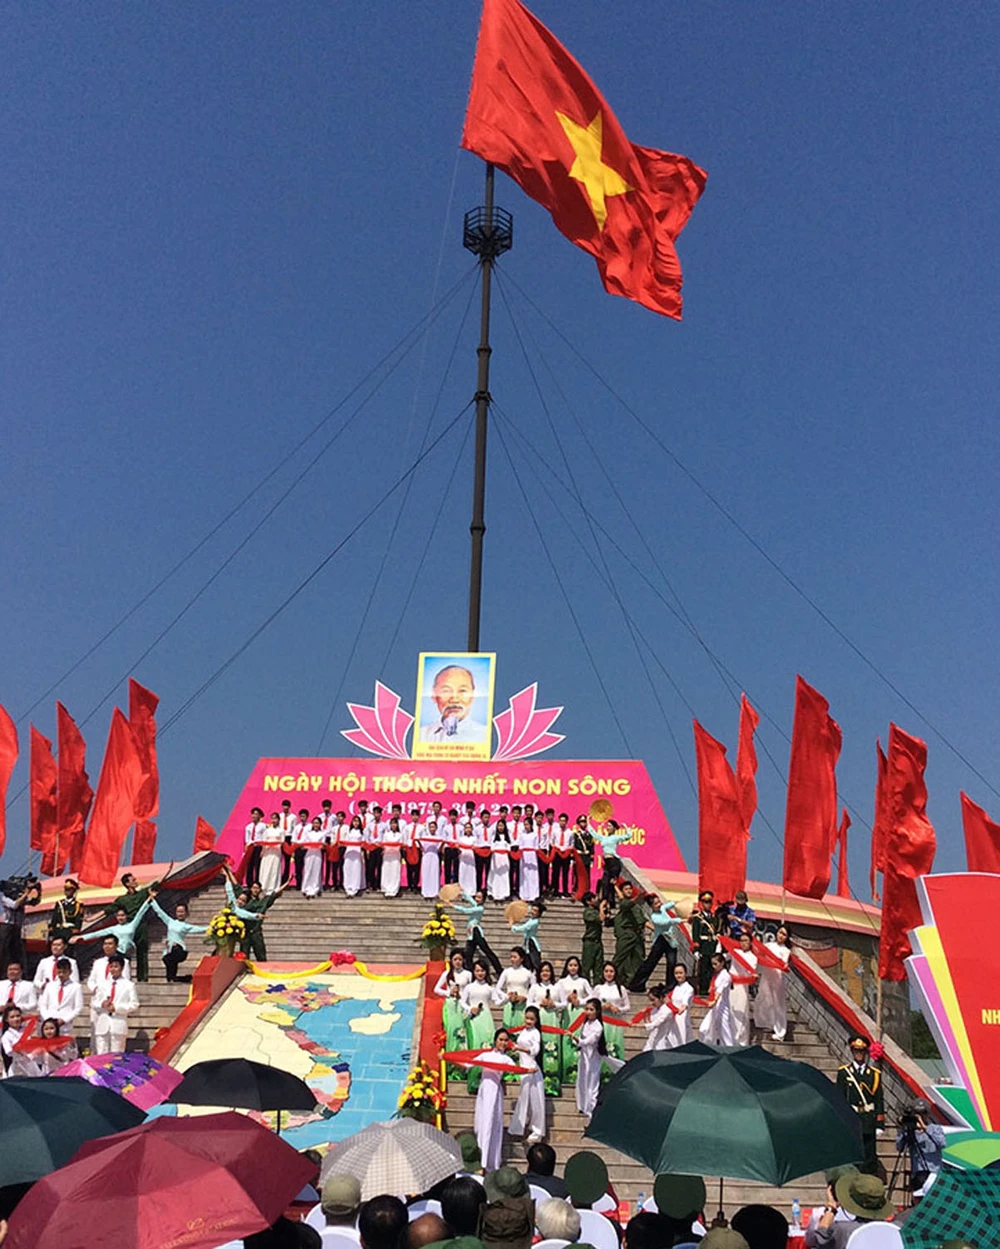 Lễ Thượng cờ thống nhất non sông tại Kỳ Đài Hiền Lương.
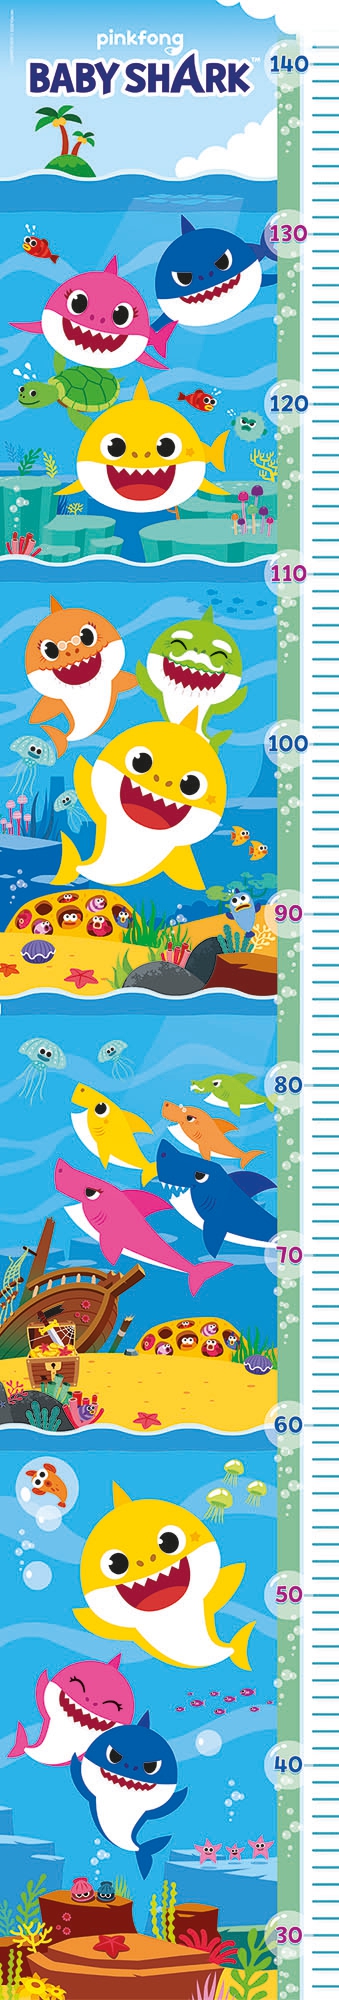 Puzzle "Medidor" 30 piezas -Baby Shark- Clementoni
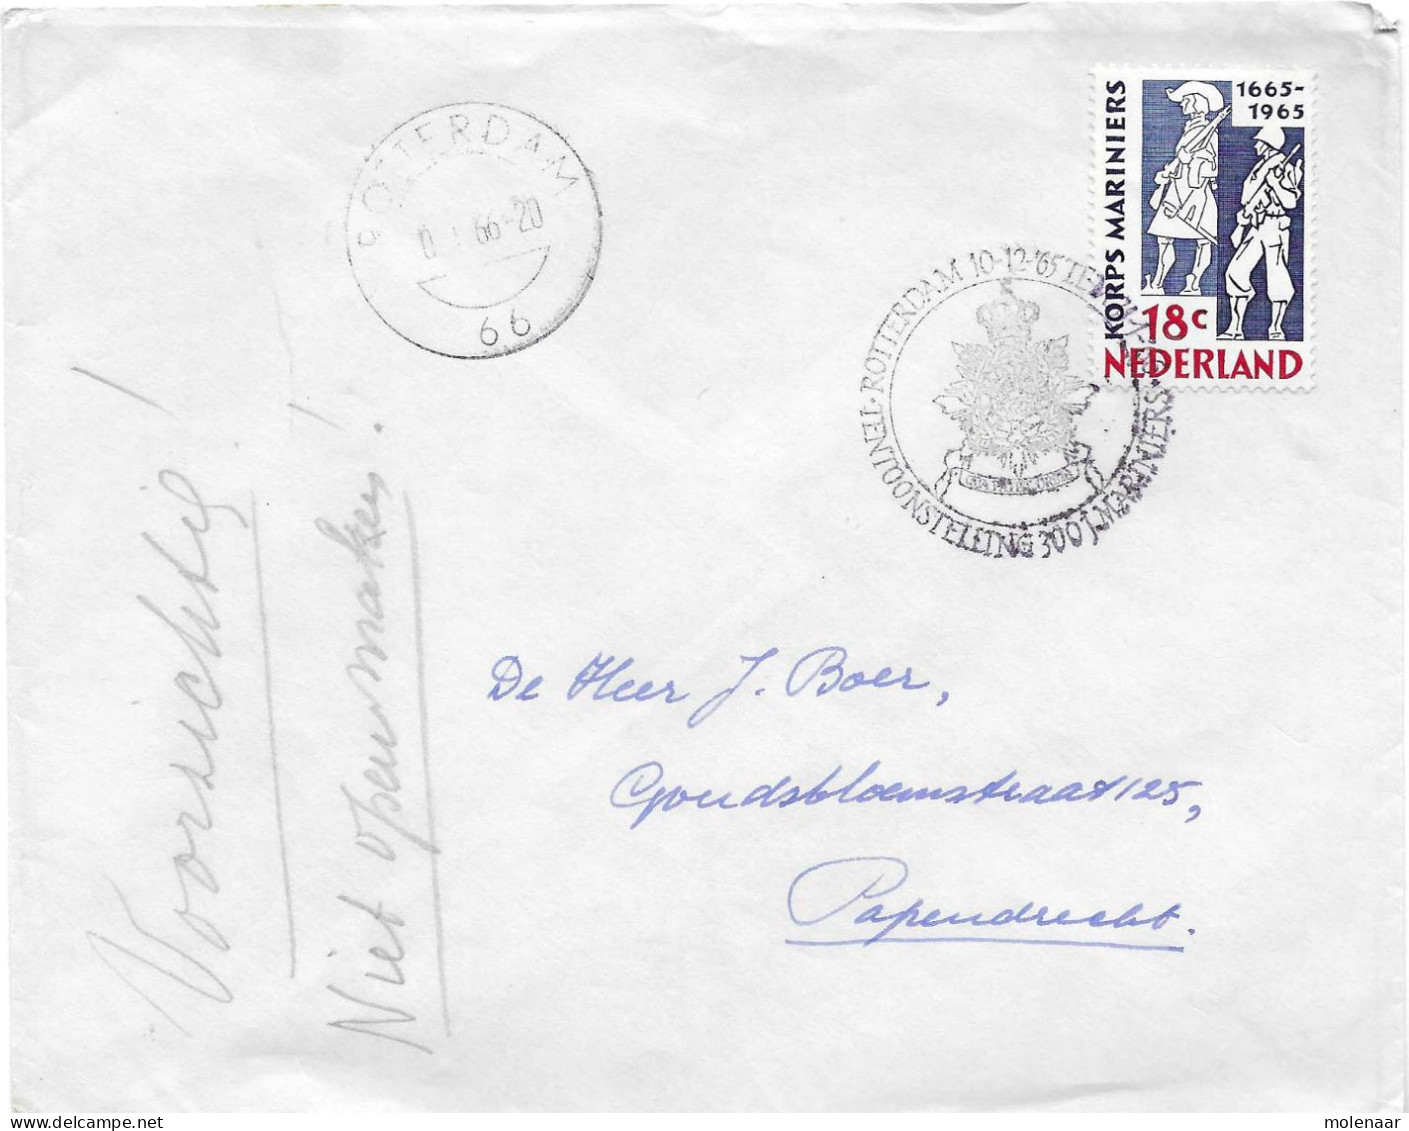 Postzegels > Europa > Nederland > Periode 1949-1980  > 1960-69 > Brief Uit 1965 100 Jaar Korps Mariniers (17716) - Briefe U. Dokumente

============

Task instructions
The response must match the listing exactly, except that pictures are removed.

Answer space
 Lễ Thượng cờ thống nhất non sông tại Kỳ Đài Hiền Lương.
 Puzzle "Medidor" 30 piezas -Baby Shark- Clementoni
 Postzegels > Europa > Nederland > Periode 1949-1980  > 1960-69 > Brief Uit 1965 100 Jaar Korps Mariniers (17716) - Briefe U. Dokumente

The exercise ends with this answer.